The 1st Light Cruiser Squadron was a naval unit of the Royal Navy from 1913 to 1924.

==History==
The 1st Light Cruiser Squadron was a Royal Navy unit of the Grand Fleet during World War I. Four of its ships (Inconstant, Galatea, Cordelia and Phaeton) fought at Jutland in 1916, by which time it was under the command of Commodore Edwyn Alexander-Sinclair – his flagship, Galatea, was the first to sight enemy vessels, at 2:20pm.

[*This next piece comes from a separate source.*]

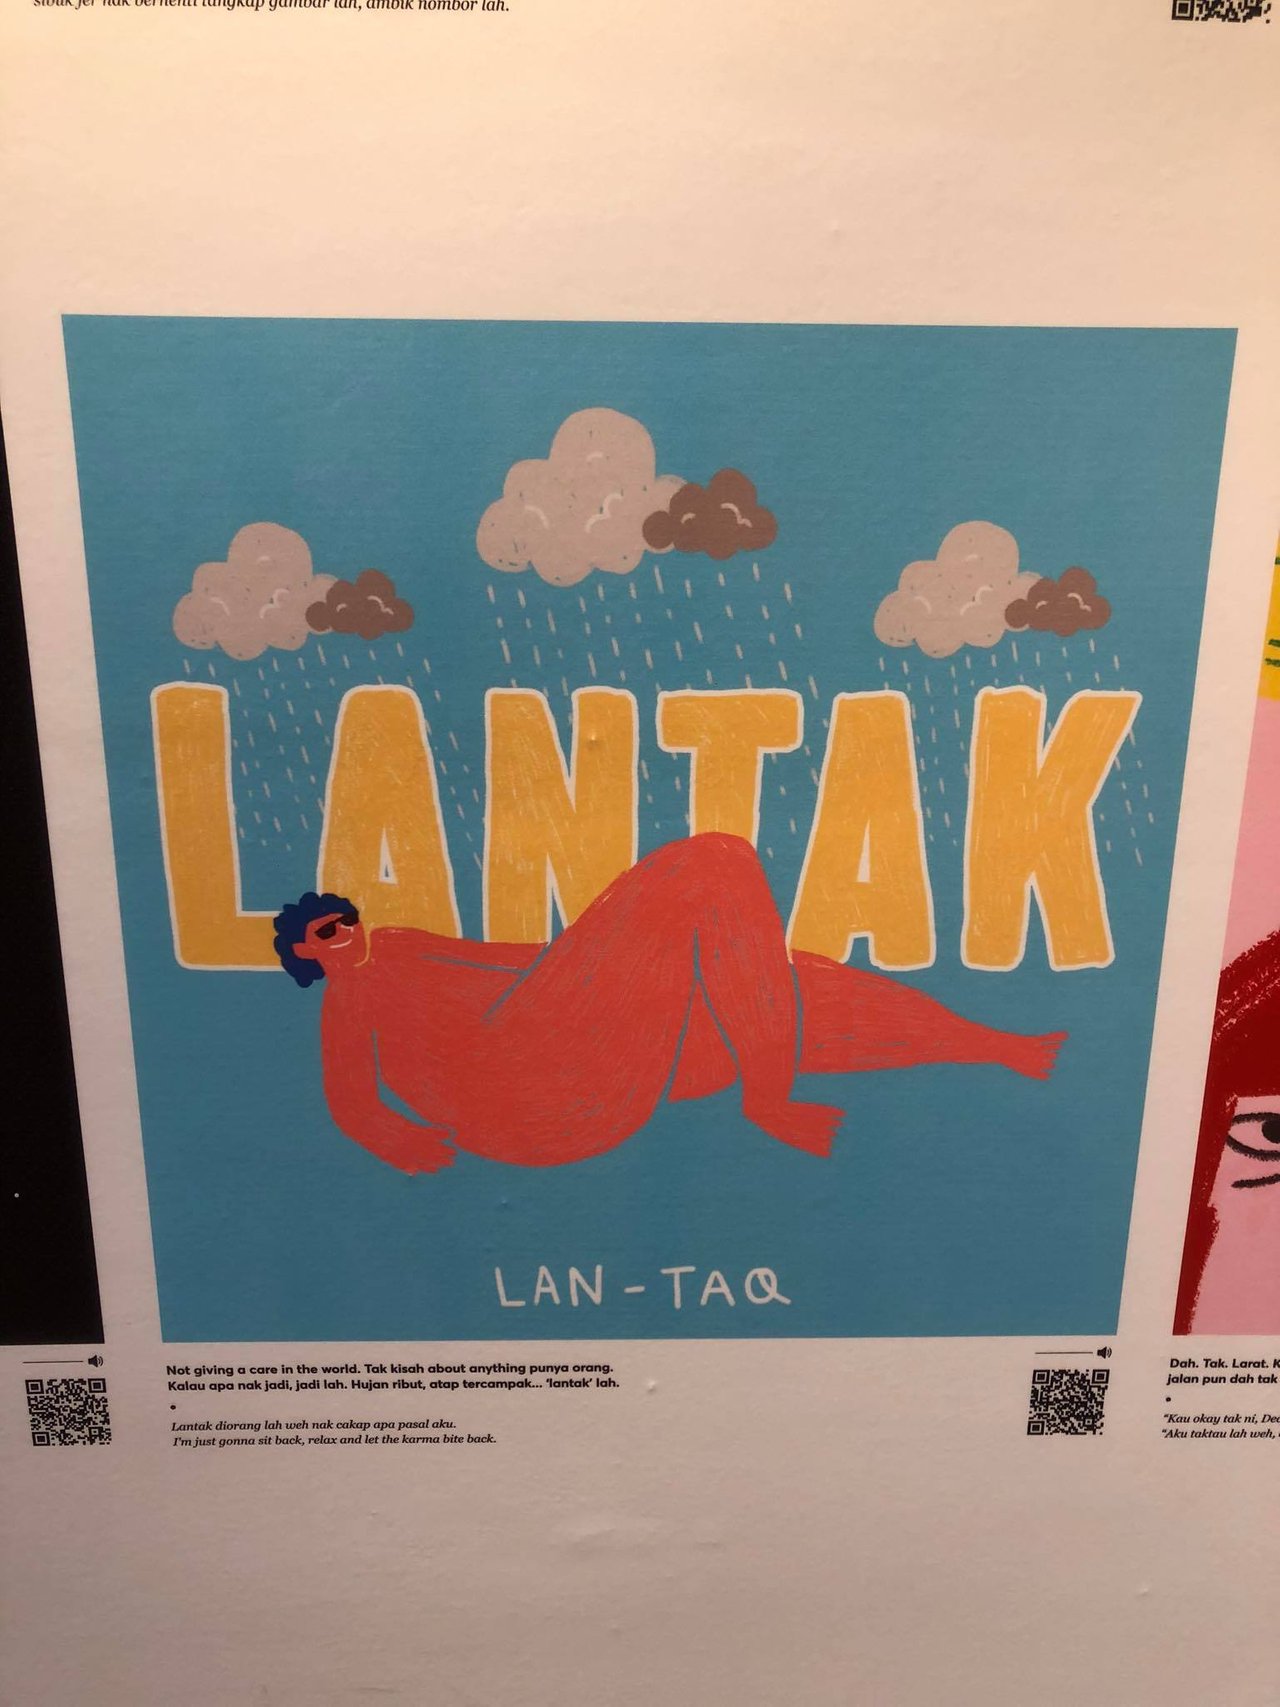 Lantak meaning
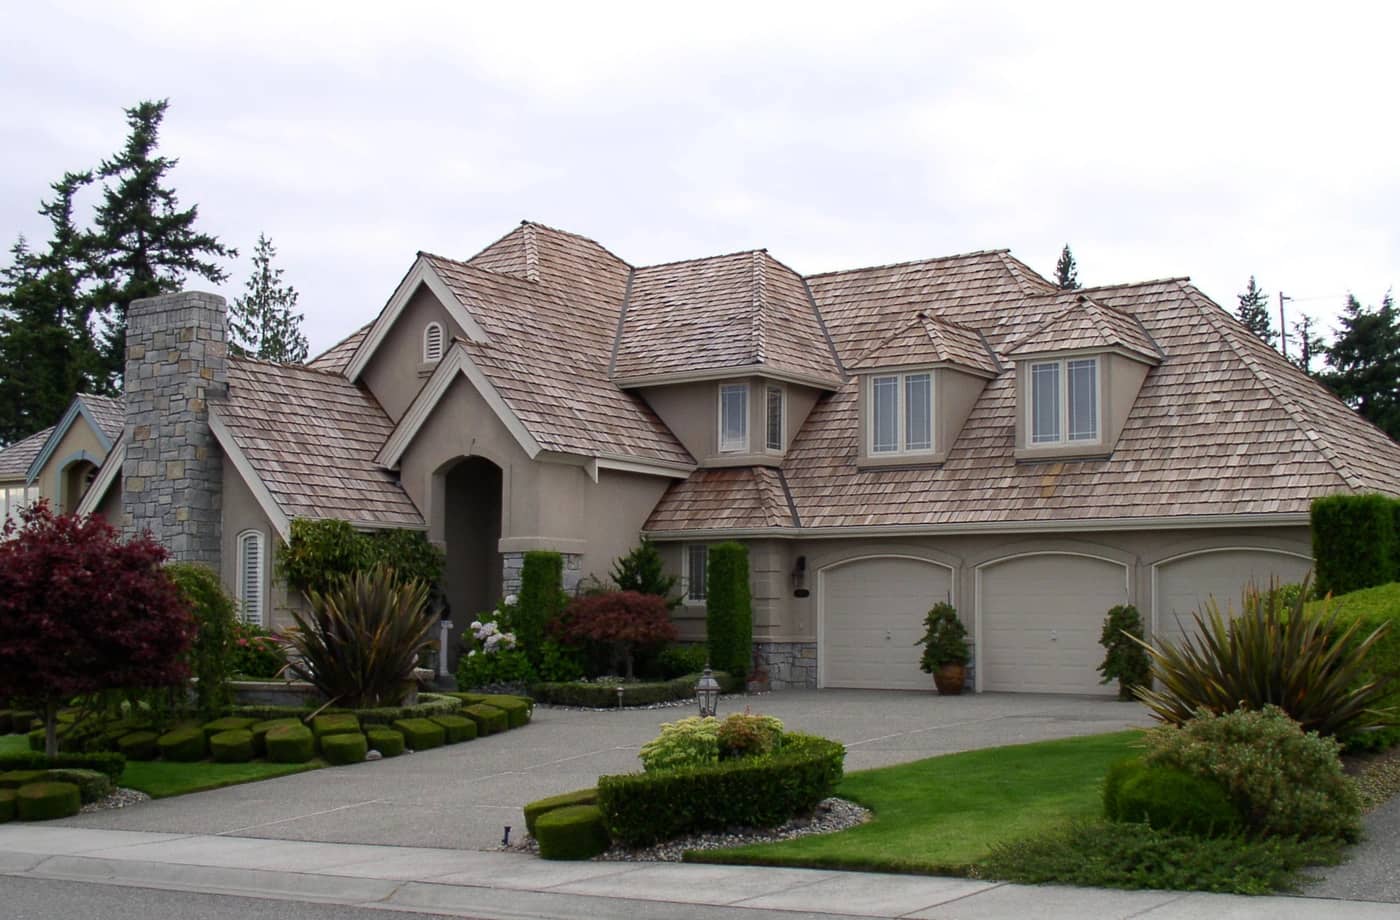 Large residential home in need of cedar shake roof repair

During the interwar period, the 1st Light Cruiser Squadron was a unit of the Atlantic Fleet until October 1924. In November 1924 the squadron was dispatched to the Mediterranean Fleet where it was re-designated 1st Cruiser Squadron.

==Commodores/Rear admirals commanding==
Post holders included:

|  | Rank | Flag | Name | Term |
Commodore/Rear-Admiral Commanding, 1st Light Cruiser Squadron
| 1 | Commodore |  | William Goodenough | July 1913 – January 1915 |
| 2 | Commodore |  | Edwyn Alexander-Sinclair | January 1915 – July 1917 |
| 3 | Rear Admiral |  | Sir Walter Cowan | July 1917 – July 1920 |
| 4 | Rear Admiral |  | Sir James Fergusson | July 1920 – April 1922 |
| 5 | Rear Admiral |  | Sir Hubert Brand | April 1922 – October 1924 |

==Deployments==
Distribution of the squadron included:

|  | Assigned to | Date | Notes |
|---|---|---|---|
| 1 | First Fleet | 1913–1914 | 1st Fleet as part of Home Fleets |
| 2 | Battle Cruiser Fleet | 01/1915-11/1916 | as part of the Grand Fleet |
| 3 | Battle Cruiser Force | 11/1916-02/1919 | as part of the Grand Fleet |
| 4 | Atlantic Fleet | 1919–1924 | re-designated 1st Cruiser Squadron |

==Sources==
- Mackie, Colin, (2010–2014), British Armed Services between 1860 and the present day — Royal Navy – Senior Appointments, https://www.gulabin.com/.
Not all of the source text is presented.